A cor da exploração

Jacob Zuma, Gwede Mantashe e Zwelinzima Vavi celebram a tripla aliança. Uma vez mais o socialismo fica para depois.

“Devem ser reeleitos os principais dirigentes da organização, entre os quais o secretário-geral Zwelinzima Vavi, num sinal de que os sindicalistas procuram reforçar a unidade da central, numa altura em que se continua a registar greves, algumas ilegais, manifestações e confrontos com a polícia na zona mineira de Rustenburg, onde em meados de Agosto morreram 44 pessoas em Marikana.

O presidente sul-africano, Jacob Zuma, discursando na abertura do congresso, enumerou os avanços registados no país desde a queda do apartheid, em 1994, e sublinhou a importância da aliança entre o Congresso Nacional Africano (ANC), a COSATU e o Partido Comunista Sul-Africano (PCSA) para o aprofundamento da revolução democrática nacional. Sobre a situação na mina de Marikana, Zuma reafirmou que empregadores e trabalhadores têm mecanismos previstos nas leis do país para estabelecer relações laborais pacíficas, sem necessidade de recorrer à violência.

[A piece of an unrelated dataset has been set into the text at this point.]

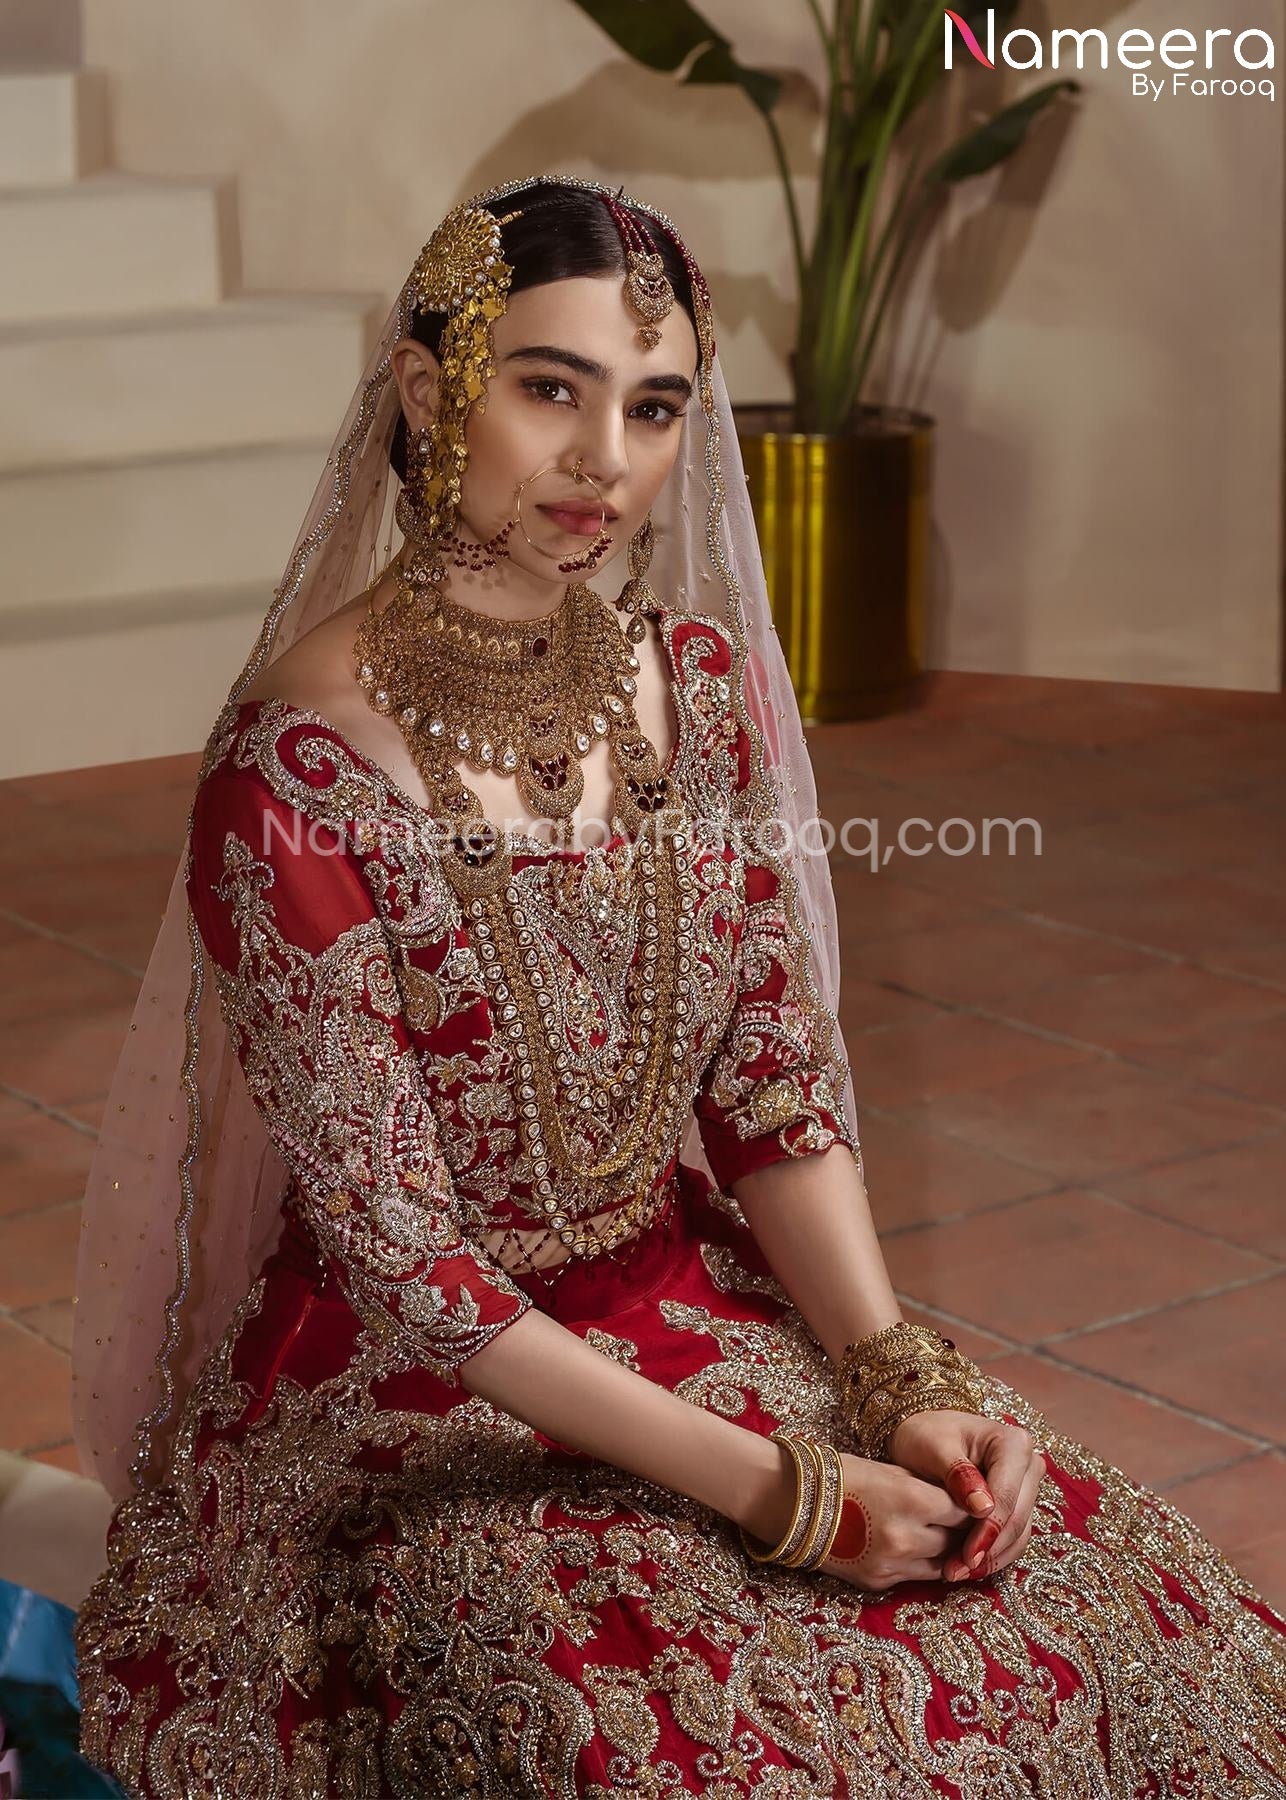 10+ Photos Of Rajasthani Brides That Will Mesmerise You! | Rajasthani bride,  Bride, Bridal lehenga collection

E considerou que é imprescindível restaurar a paz laboral e a estabilidade nos locais de trabalho, pelo que as autoridades adoptaram medidas adequadas para conter a violência, sem que isso signifique retirar direitos aos mineiros e às populações.

Zuma criticou ainda os «irresponsáveis» e «oportunistas» que estão a utilizar «sem vergonha» uma tragédia para fazer propaganda política «em vez de colocar em primeiro lugar os interesses dos trabalhadores e do país», numa referência a Julius Malema, antigo responsável da organização de juventude do ANC, de onde foi expulso, e ultimamente muito activo nas zonas mineiras.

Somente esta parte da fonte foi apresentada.